→ Instructions to follow: No pictures belong in the copy. Reproduce exactly the lines beginning at the line containing "HOCE- Ancient China Notes_Page_085.jpg" and continuing to the end of the entries below.

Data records

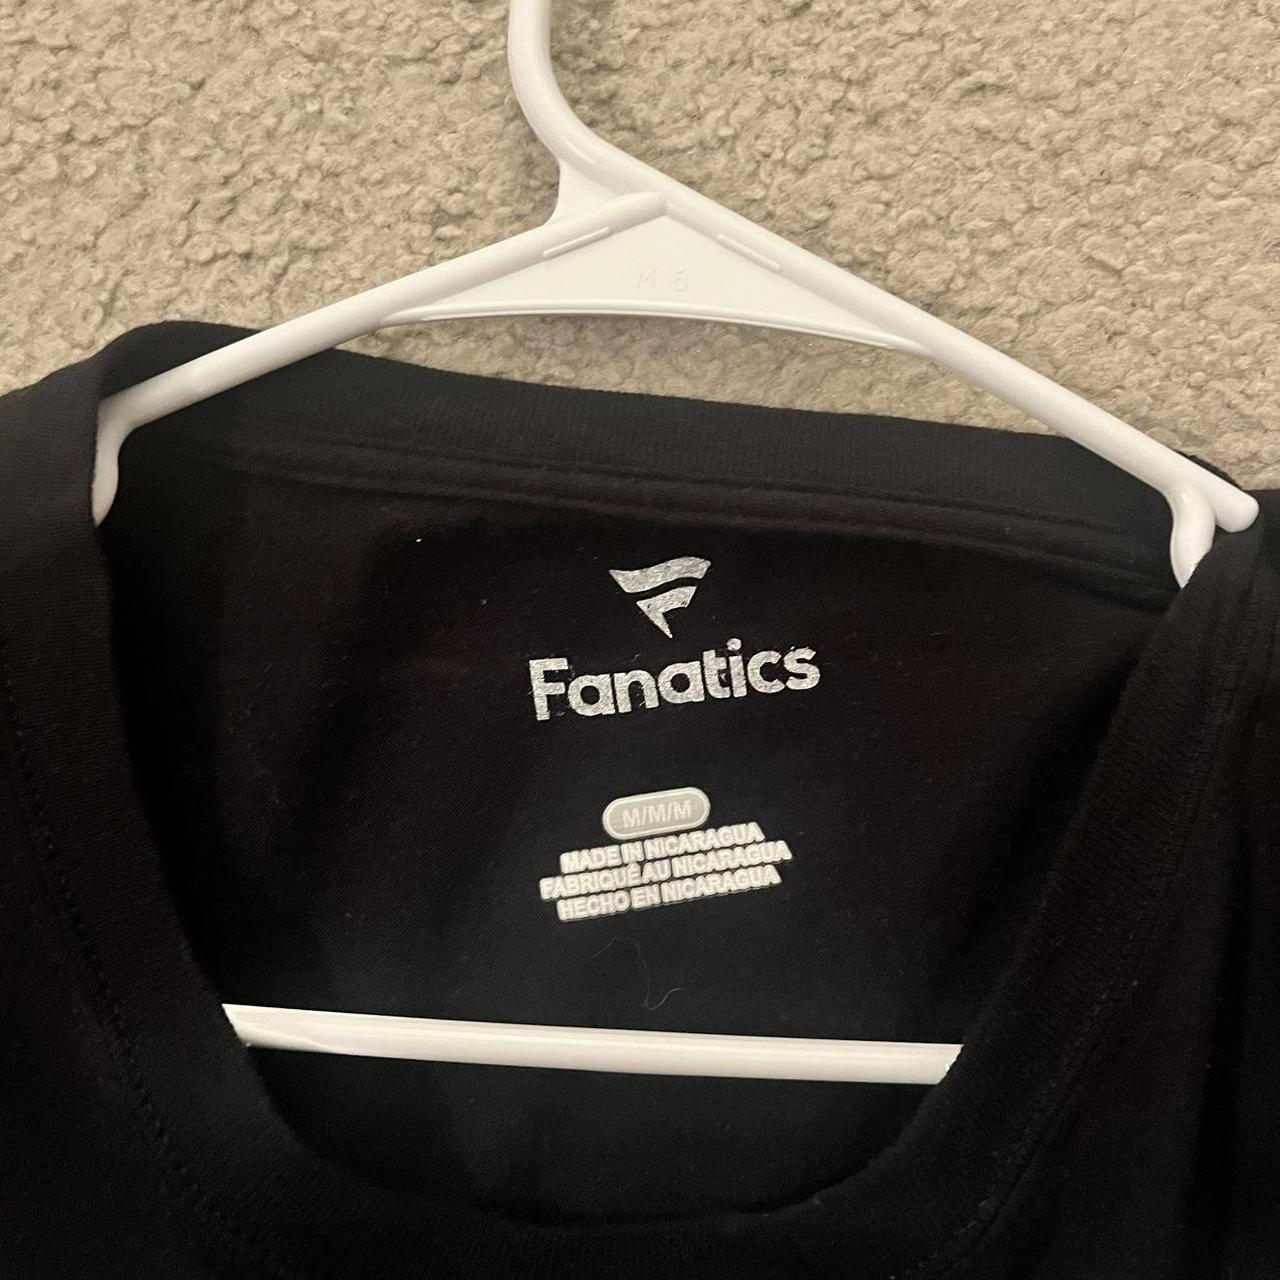 Fanatics Women's T-Shirt - Black - M
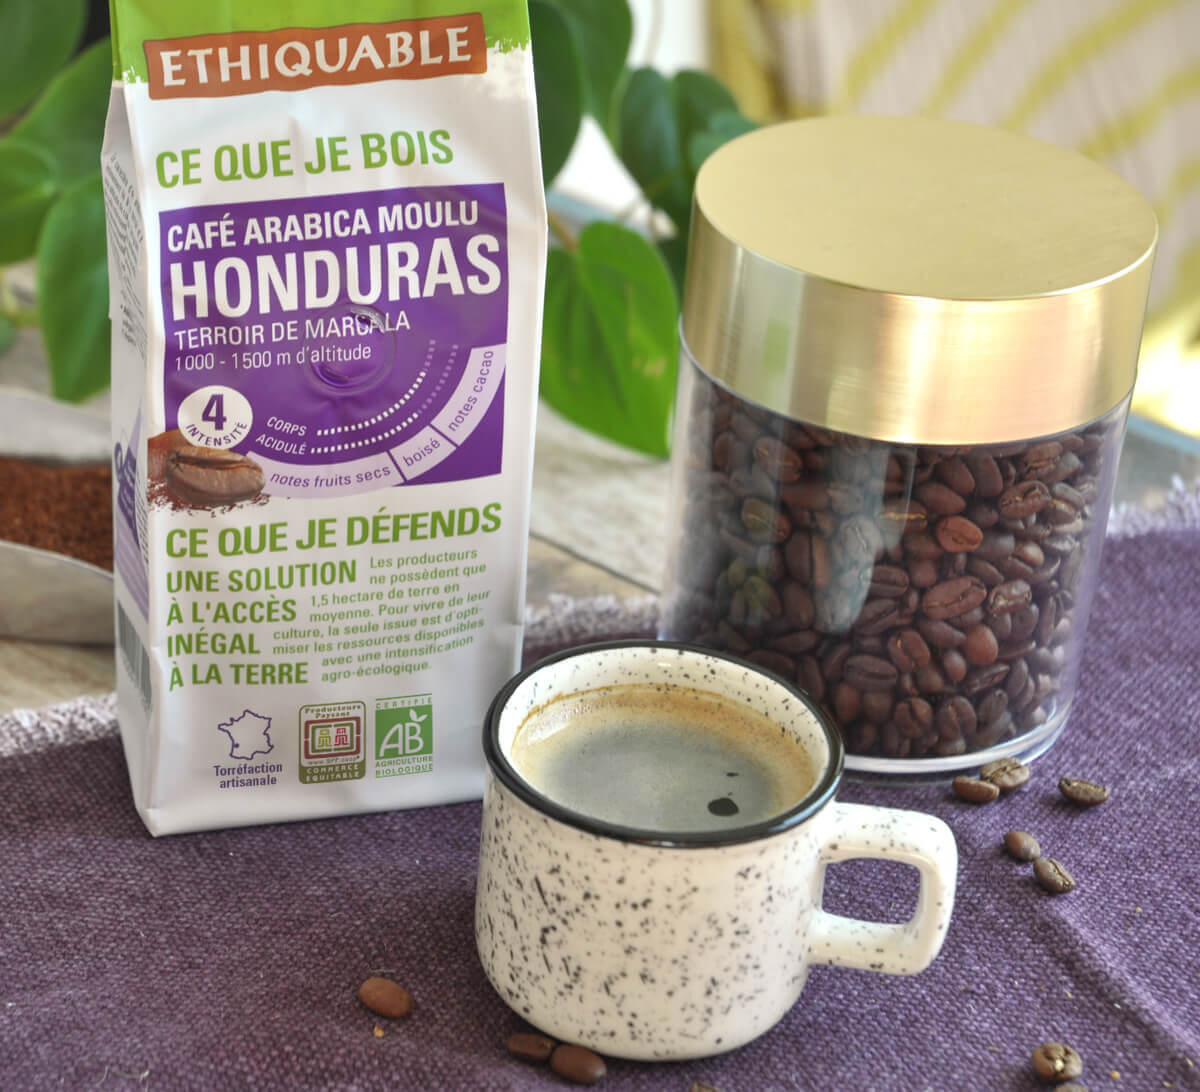 ethiquable-cafe-moulu-honduras-arabica-equitable-bio
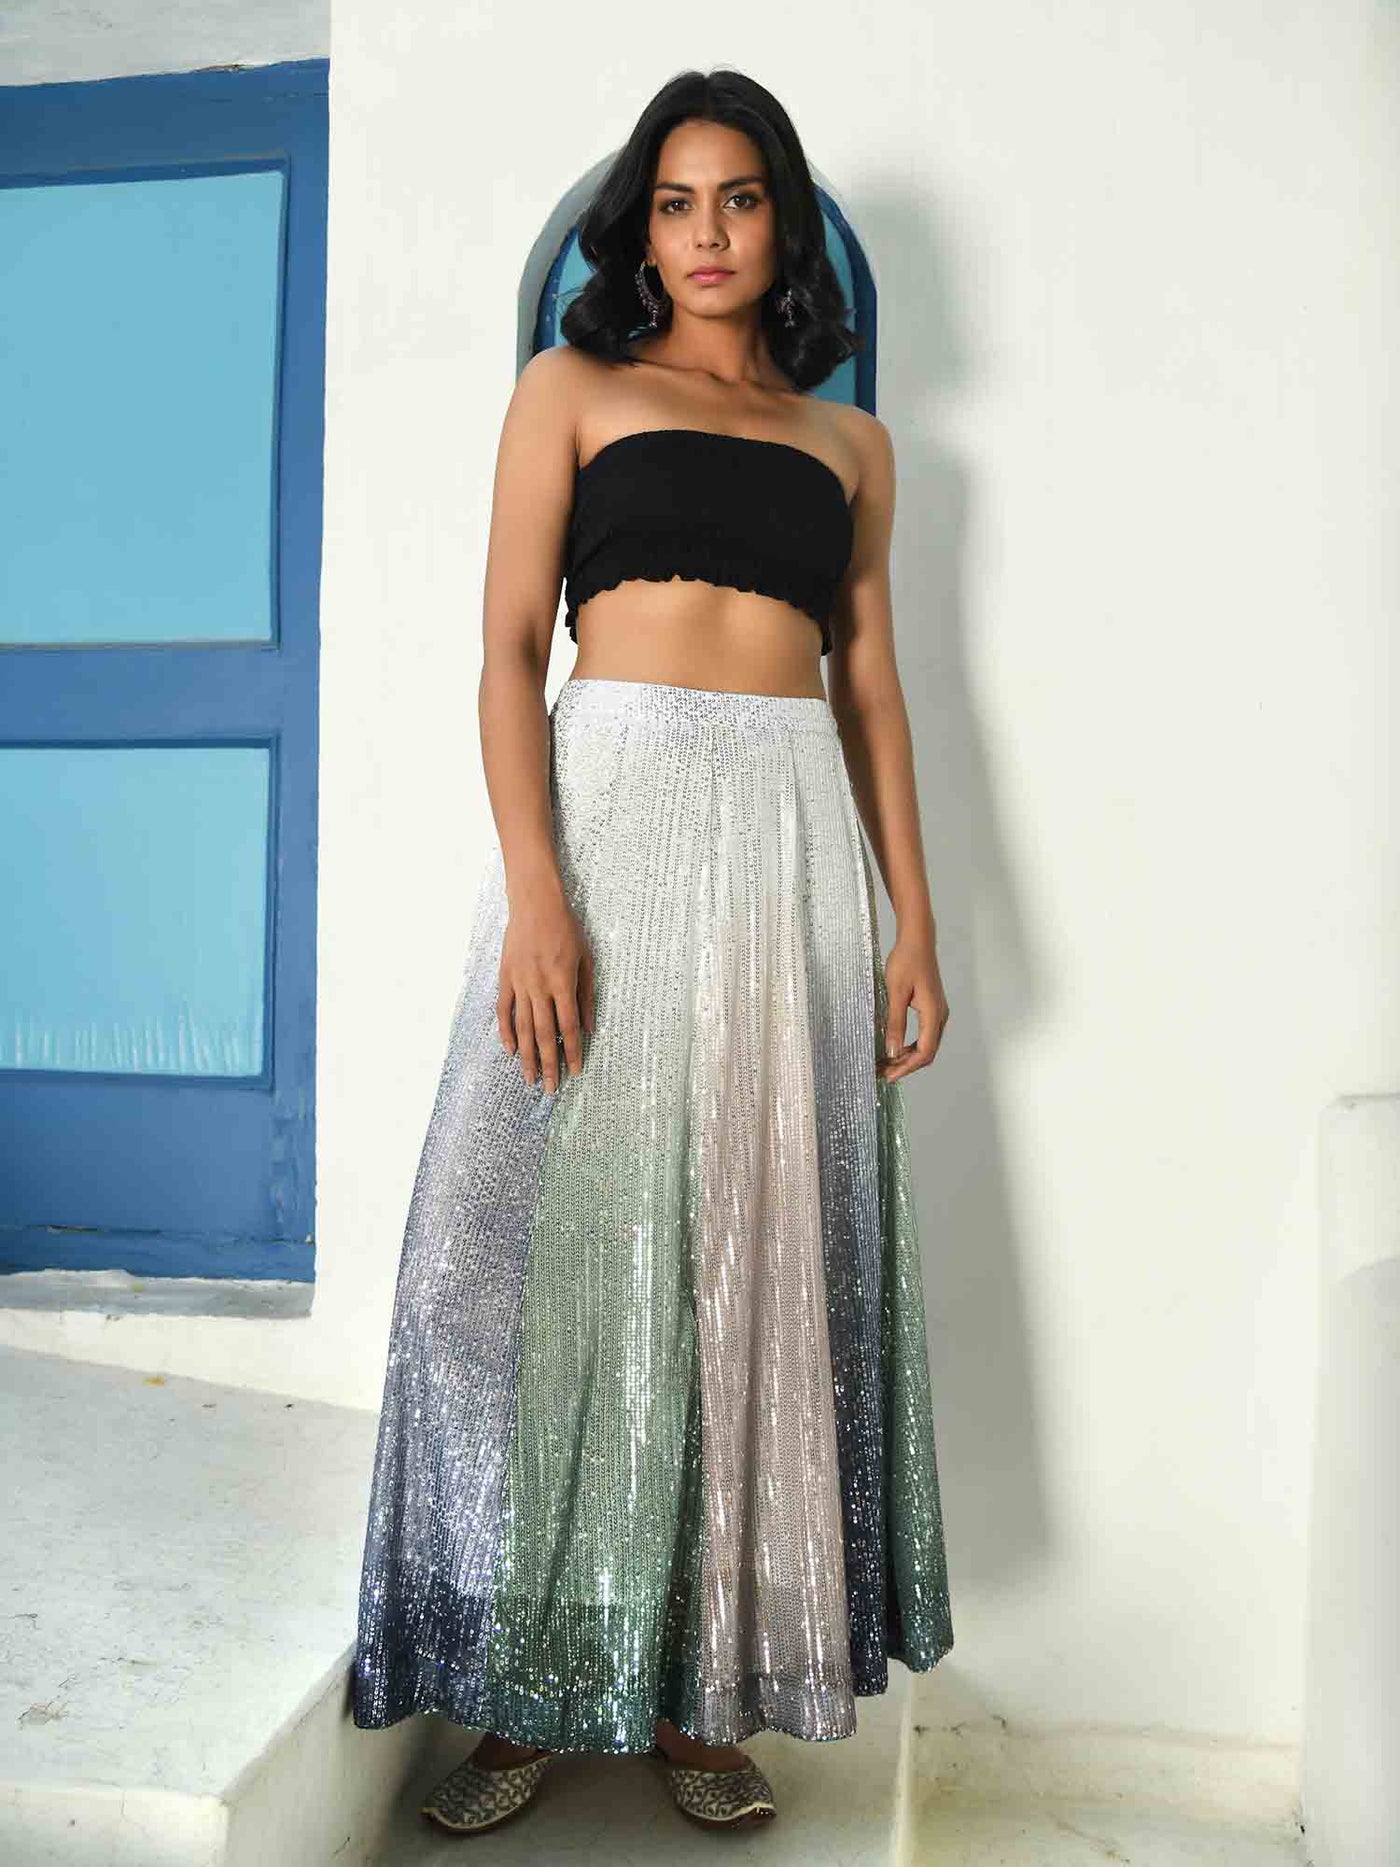 The vibrant & vivacious skirt
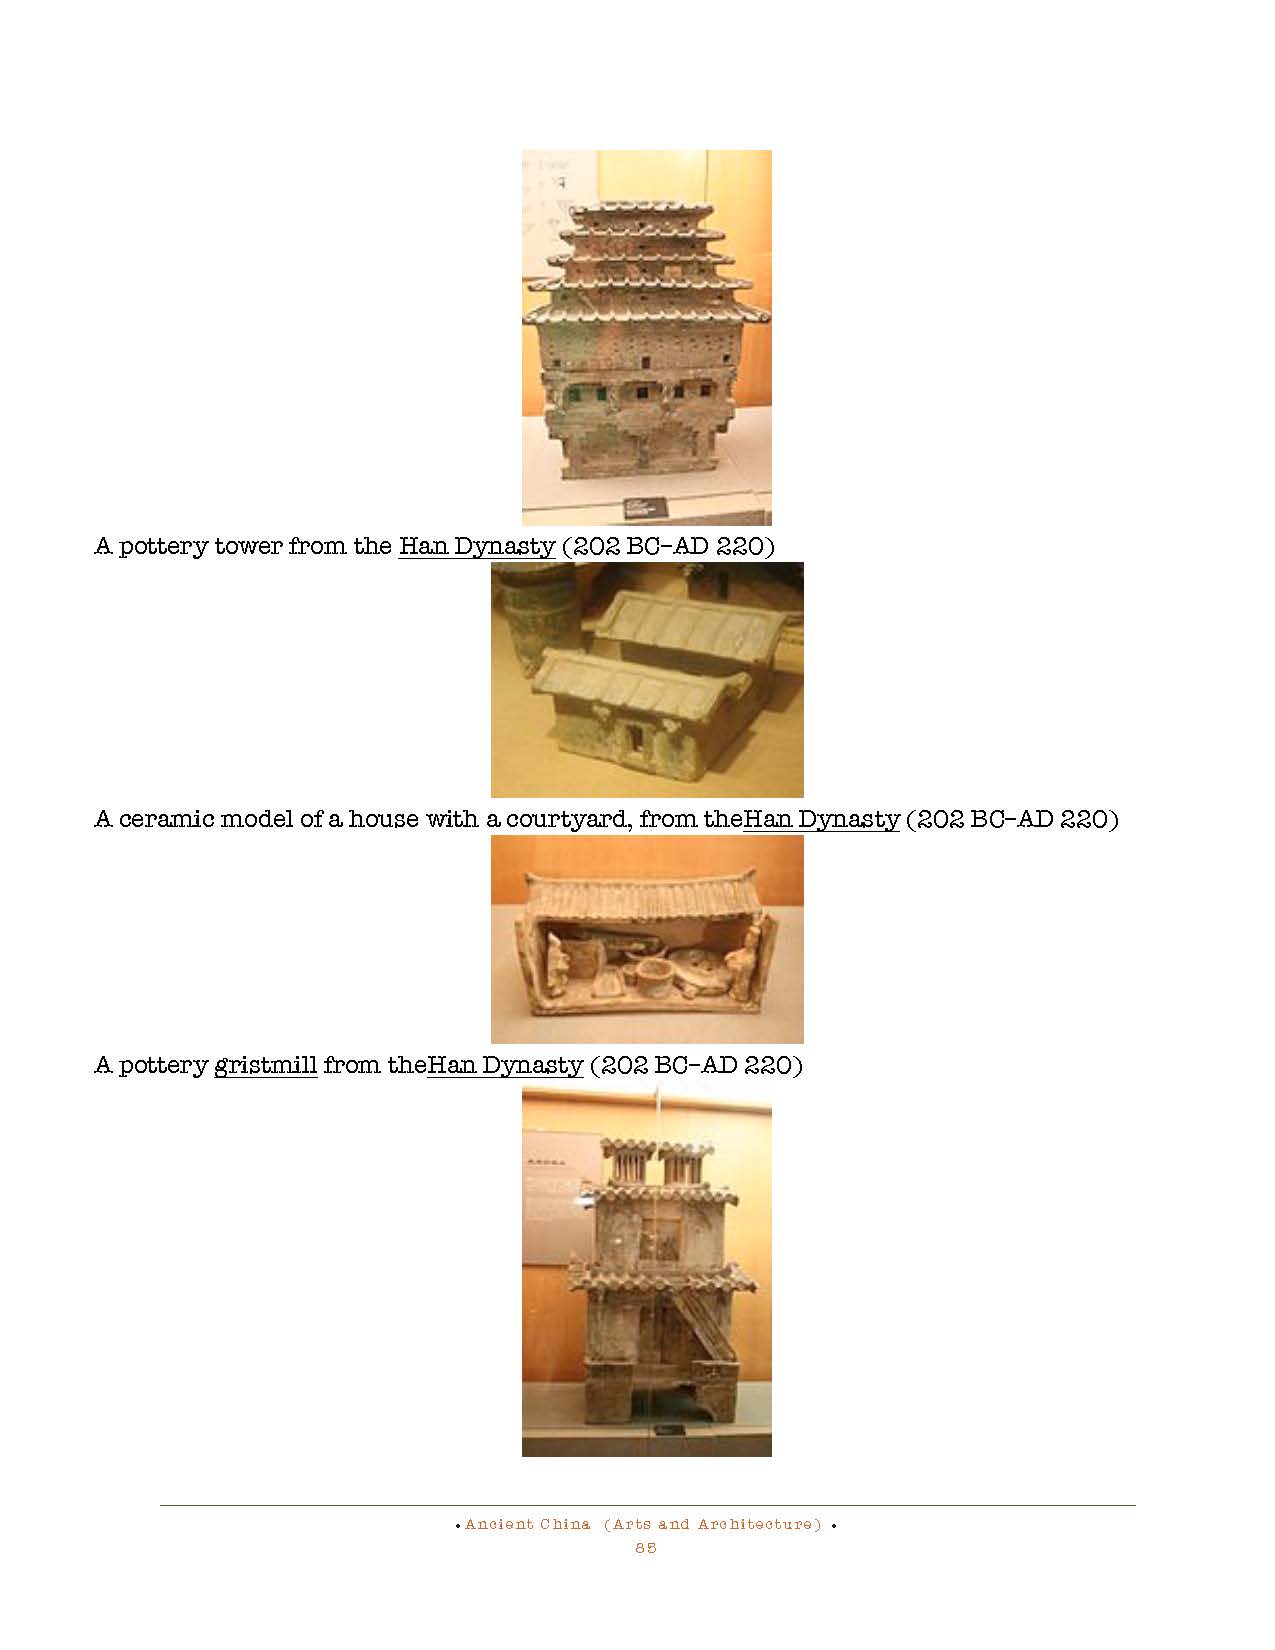 HOCE- Ancient China Notes_Page_085.jpg
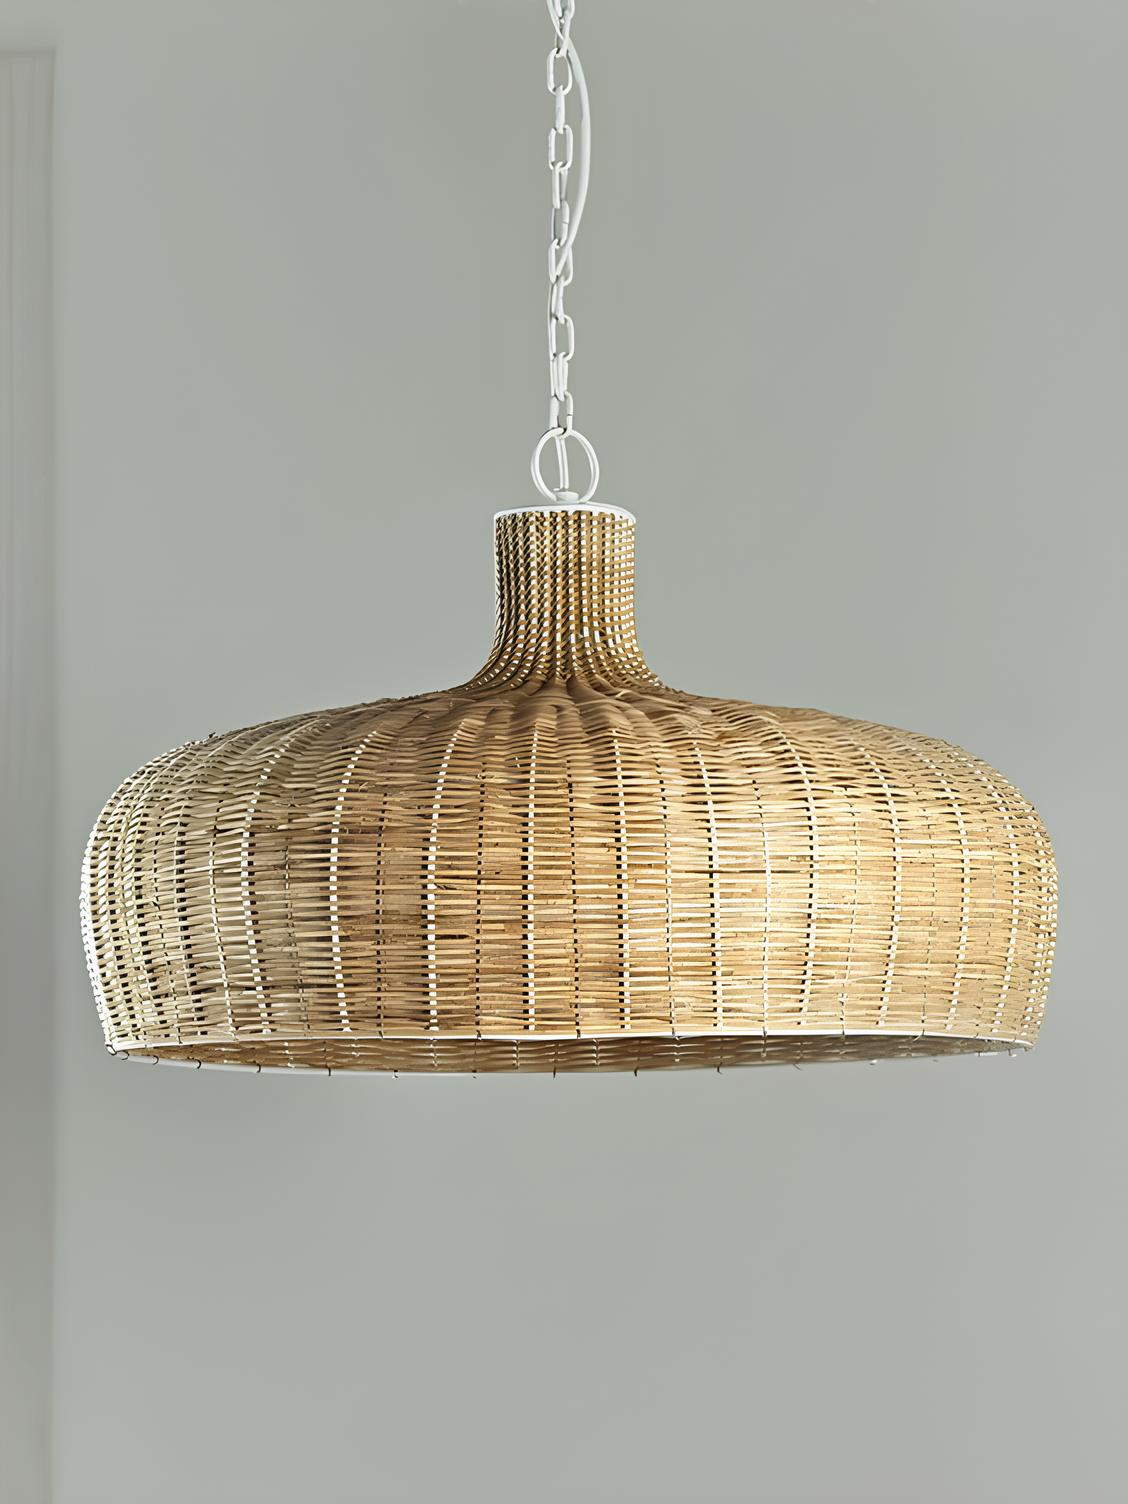 Bamboo Hanging lamp for Living Room | Rattan Pendant light | Cane ceiling light - Taara - Akway

→ Solution to this task:
 HOCE- Ancient China Notes_Page_085.jpg
 Bamboo Hanging lamp for Living Room | Rattan Pendant light | Cane ceiling light - Taara - Akway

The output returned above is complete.